→ ASSIGNMENT: Pictures stay out, but every line of the data is copied exactly.

→ INFORMATION PROVIDED:
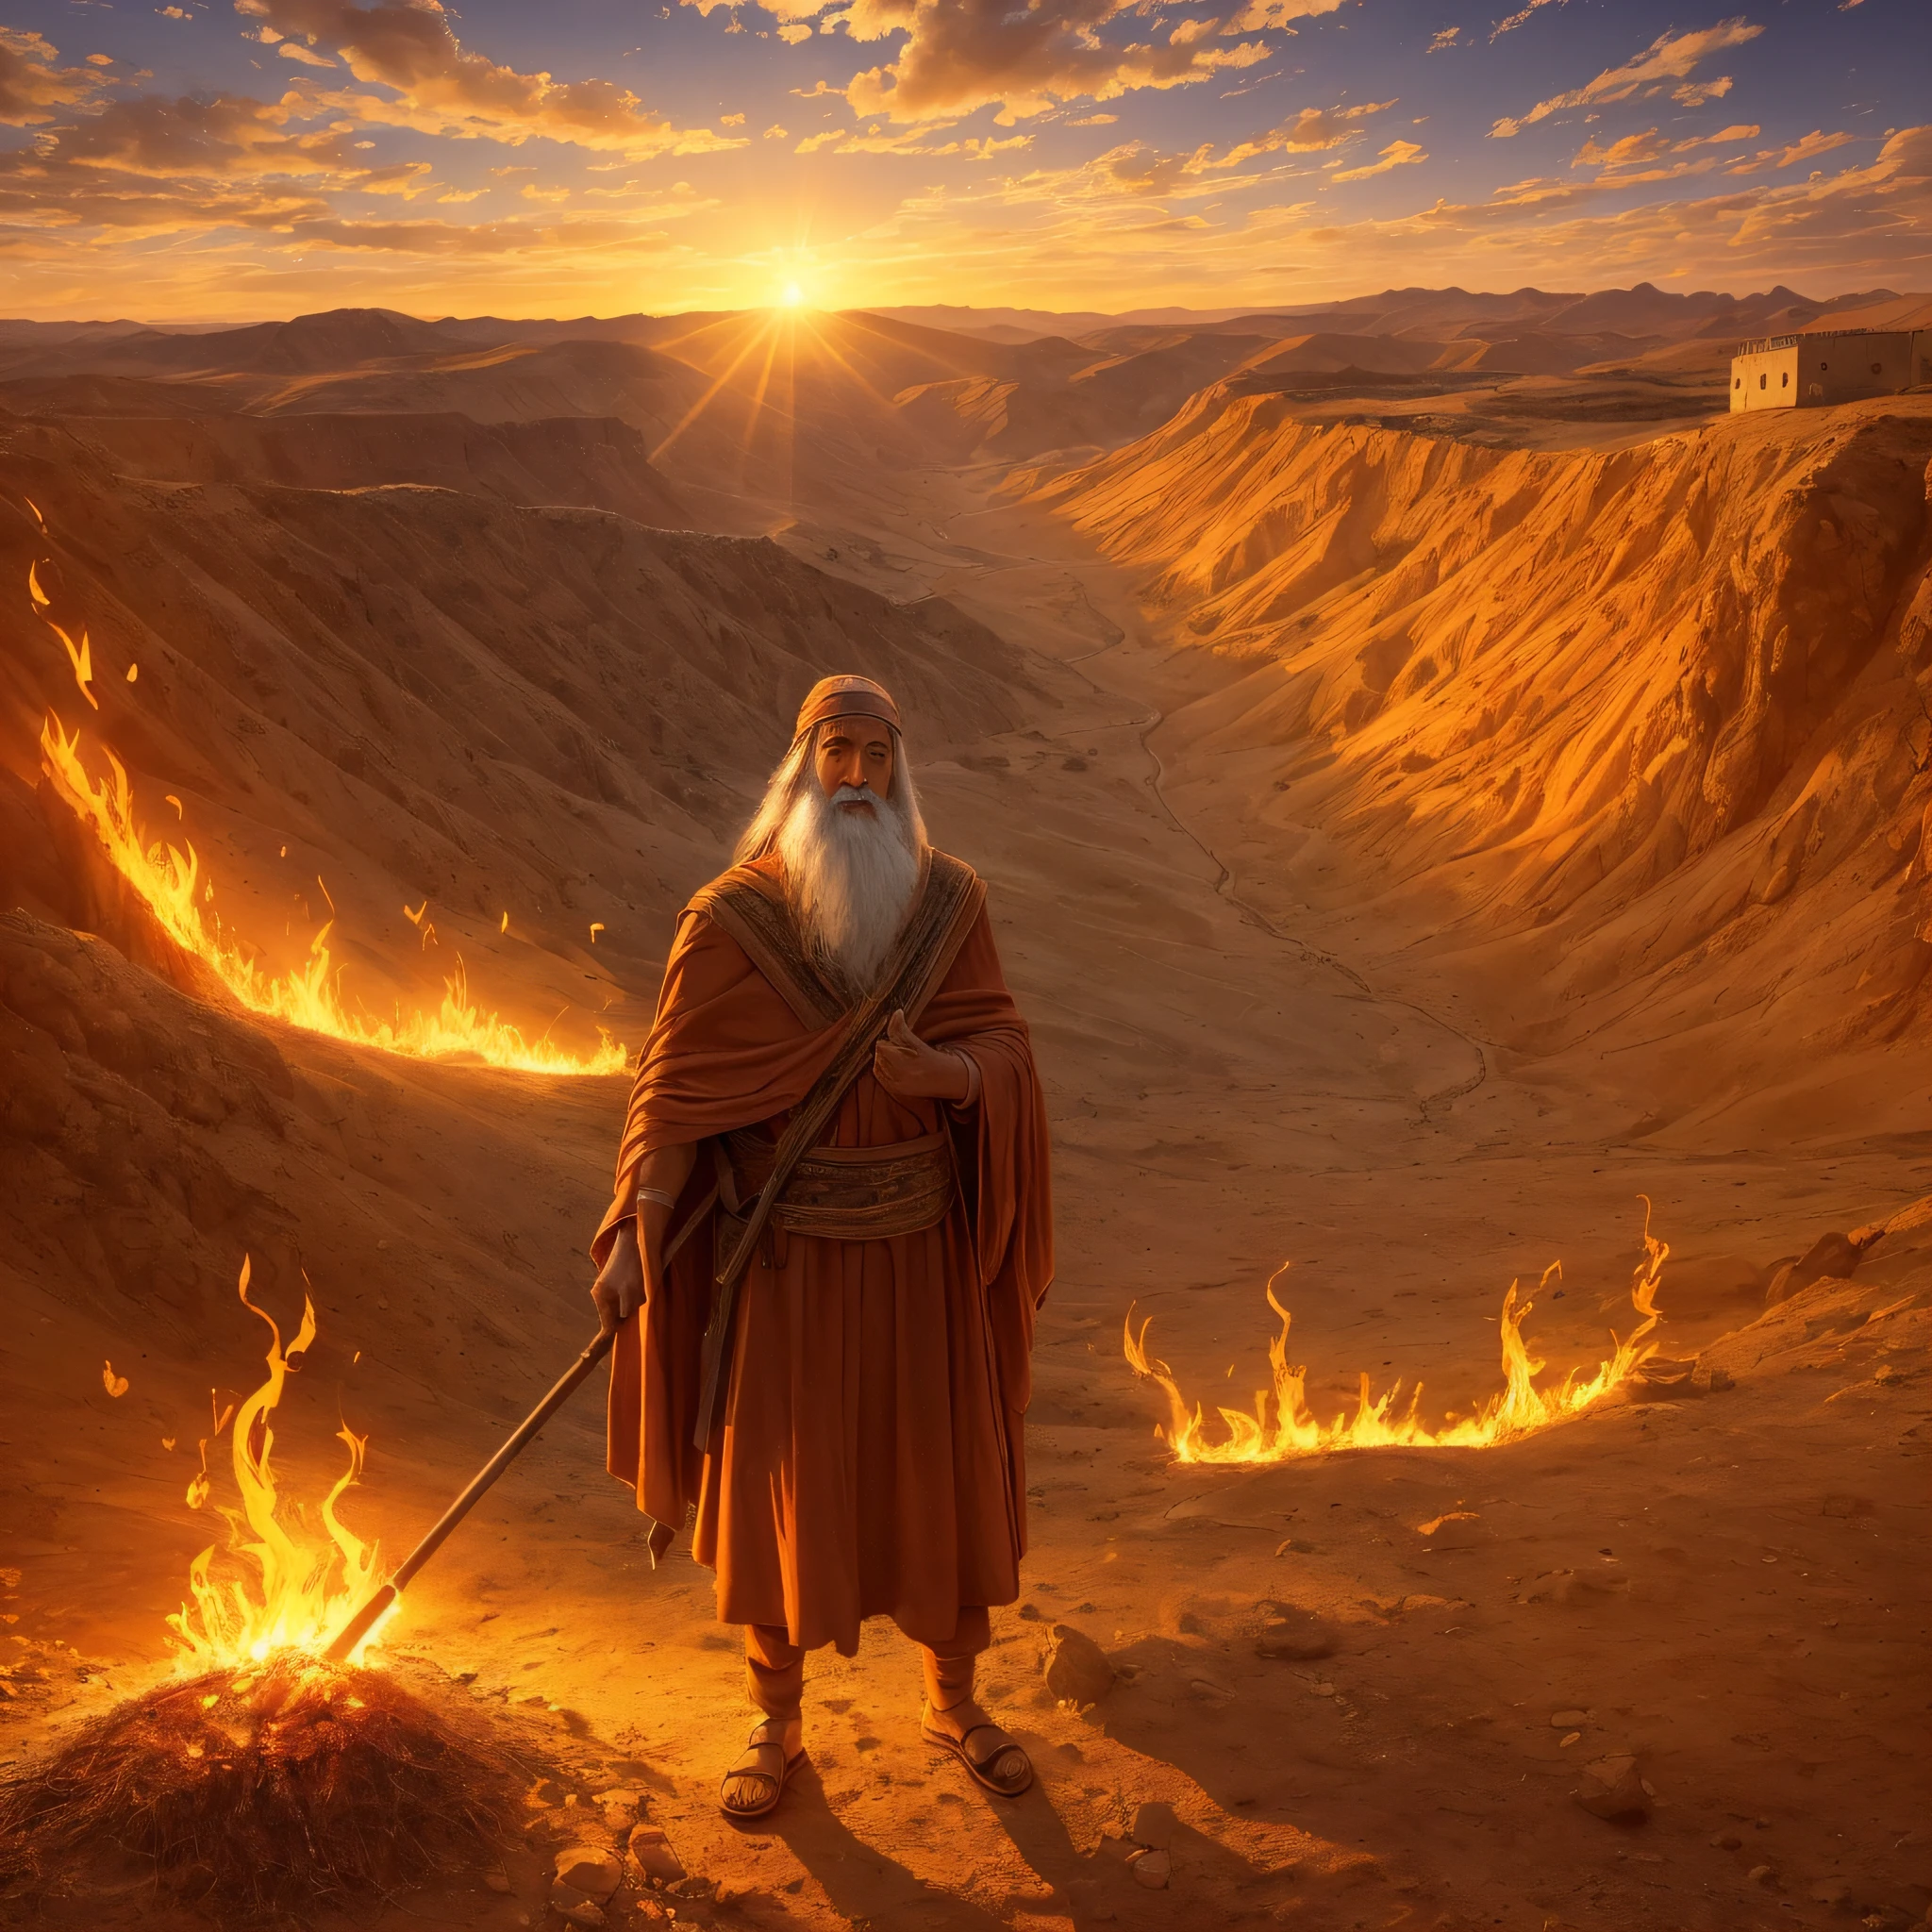 Моисей перед горящим кустом на горе Хорив. Моисей — старик, одетый как пастух.. Куст светлый, яркое пламя, но он не сгорает в огне. Моисей с изумлением и восхищением смотрит на куст. Окружающая среда гористая и пустынная., с заходом солнца и освещением сцены оранжевым светом. На этом изображении изображен момент, когда Бог призывает Моисея спасти народ Израиля.. --auto --s2
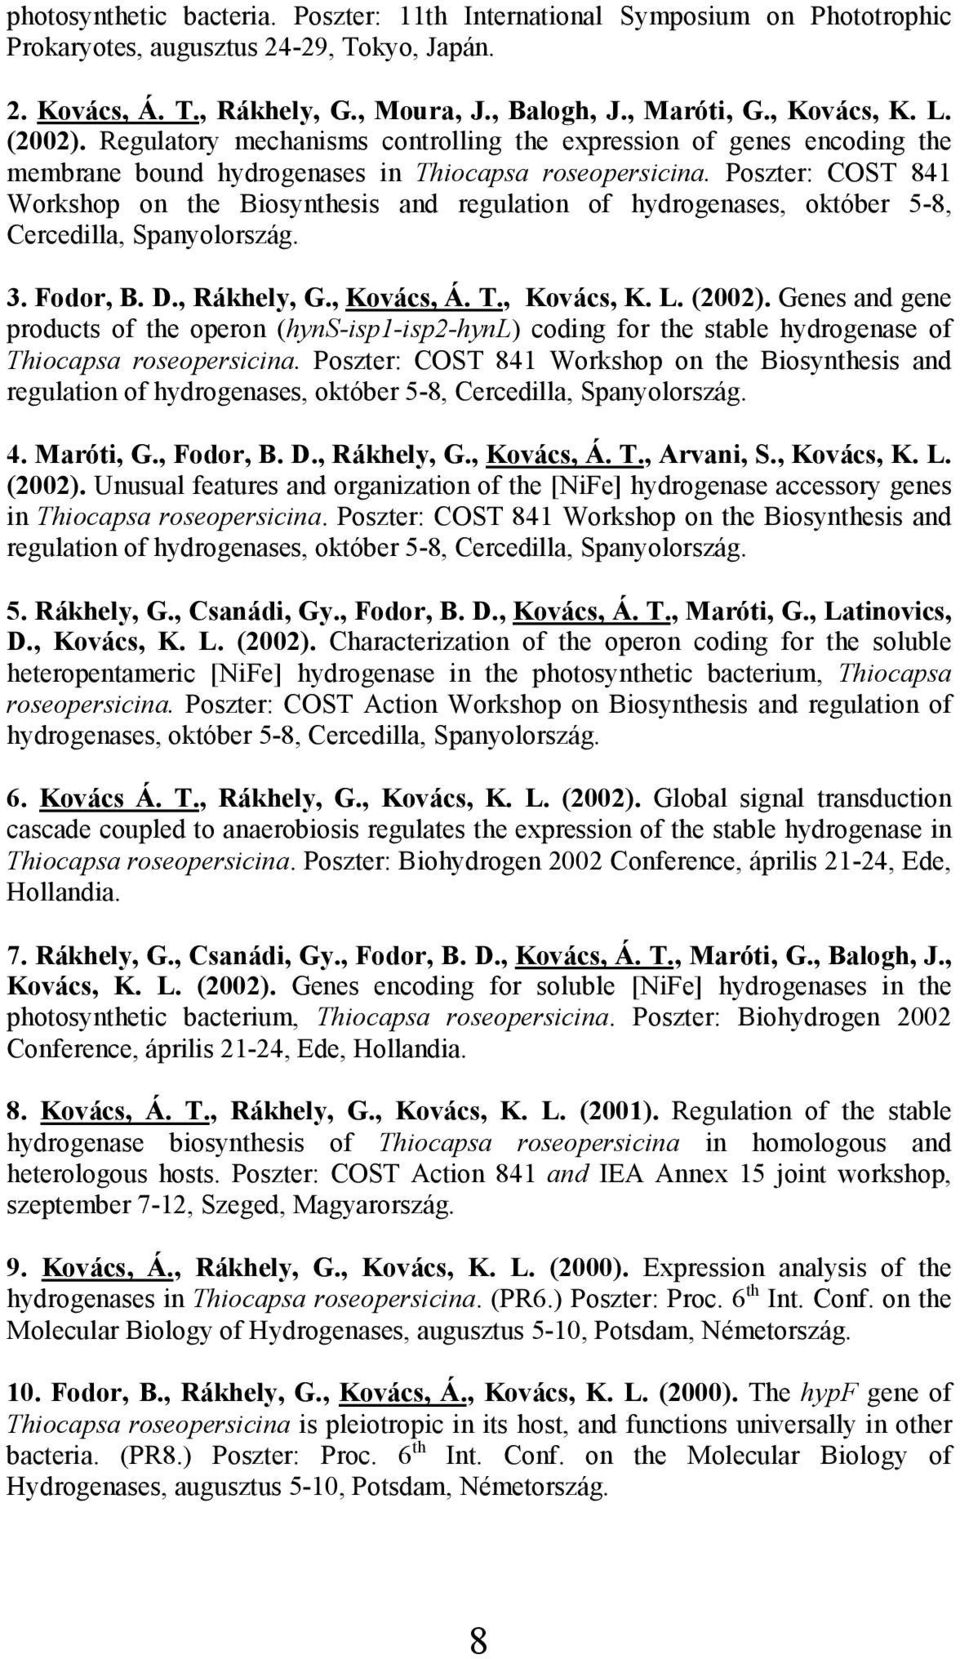 Poszter: COST 841 Workshop on the Biosynthesis and regulation of hydrogenases, október 5-8, Cercedilla, Spanyolország. 3. Fodor, B. D., Rákhely, G., Kovács, Á. T., Kovács, K. L. (2002).
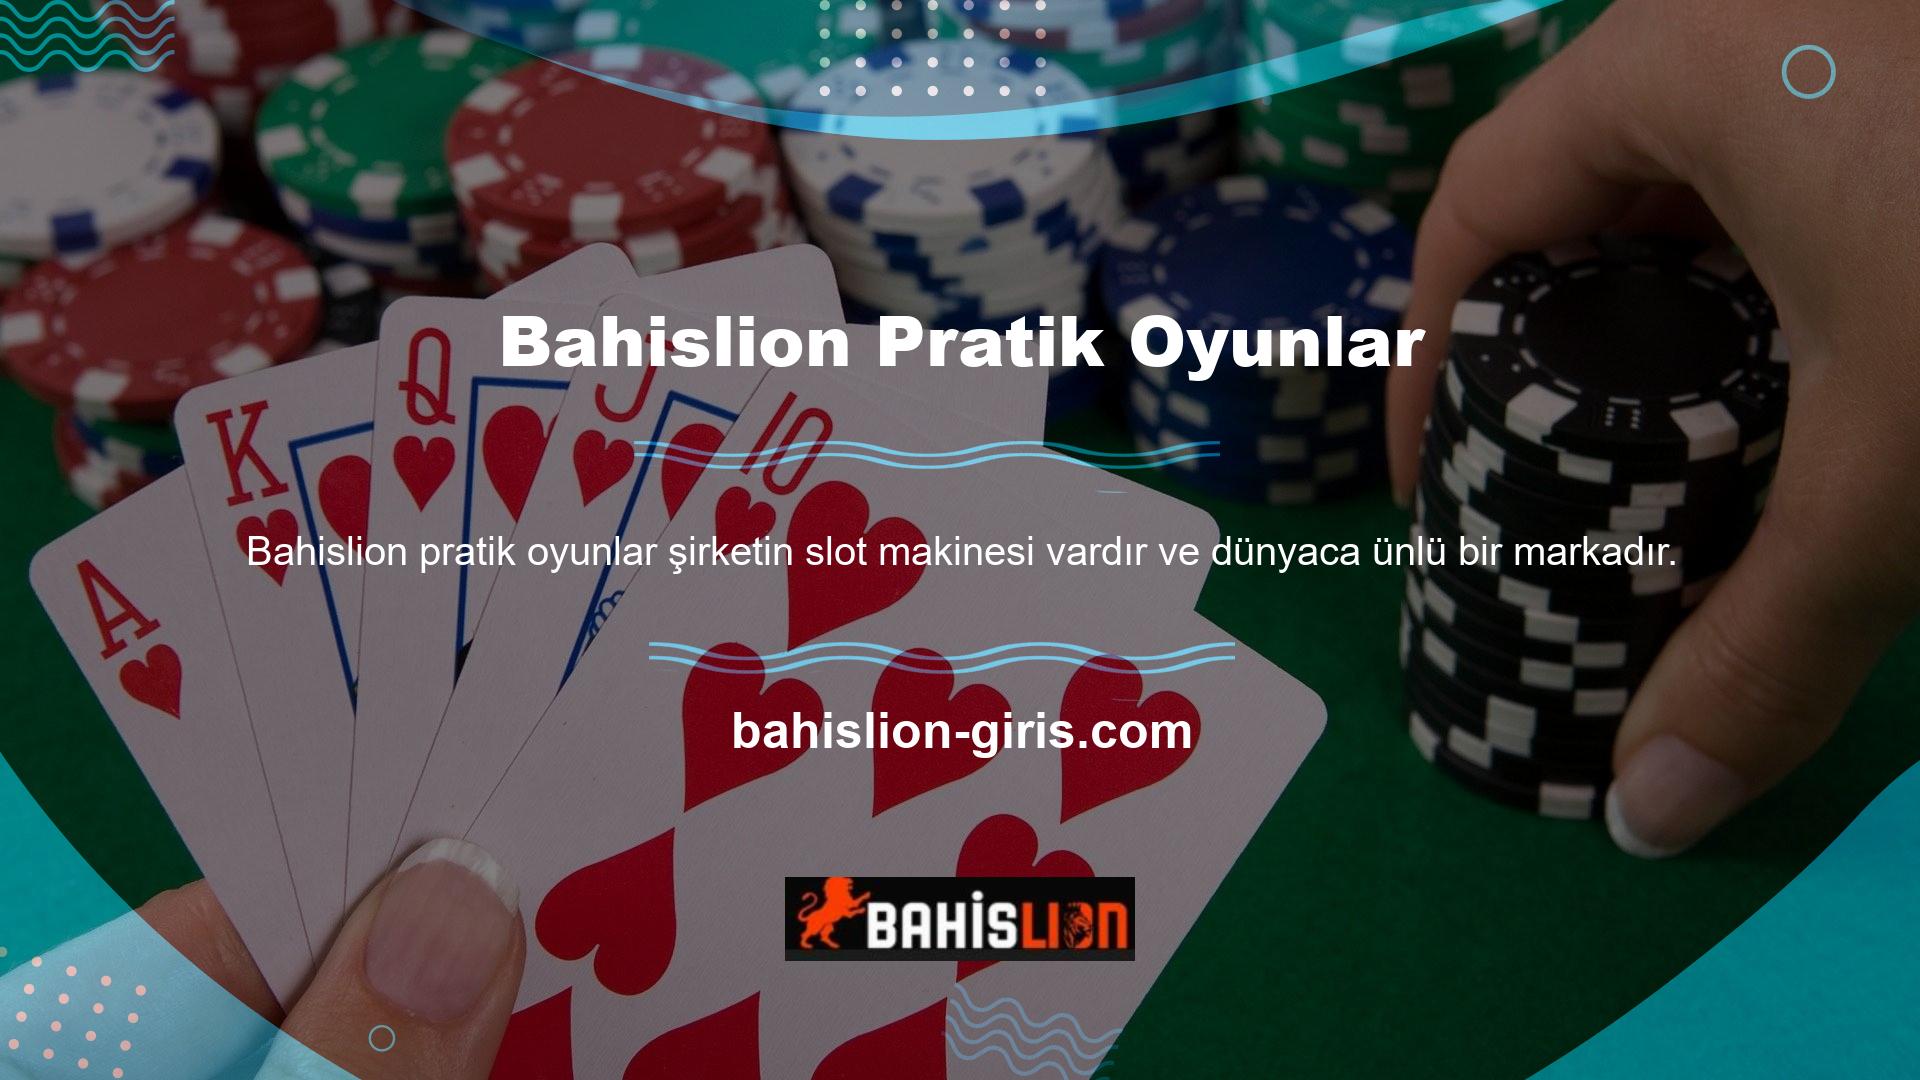 Şirketin programlama uzmanları tarafından geliştirilen Bahislion pratik oyunları sitede popüler oldu

→ RESPONSE AREA:
 Моисей перед горящим кустом на горе Хорив. Моисей — старик, одетый как пастух.. Куст светлый, яркое пламя, но он не сгорает в огне. Моисей с изумлением и восхищением смотрит на куст. Окружающая среда гористая и пустынная., с заходом солнца и освещением сцены оранжевым светом. На этом изображении изображен момент, когда Бог призывает Моисея спасти народ Израиля.. --auto --s2
 Poszter: COST 841 Workshop on the Biosynthesis and regulation of hydrogenases, október 5-8, Cercedilla, Spanyolország. 3. Fodor, B. D., Rákhely, G., Kovács, Á. T., Kovács, K. L. (2002).
 Şirketin programlama uzmanları tarafından geliştirilen Bahislion pratik oyunları sitede popüler oldu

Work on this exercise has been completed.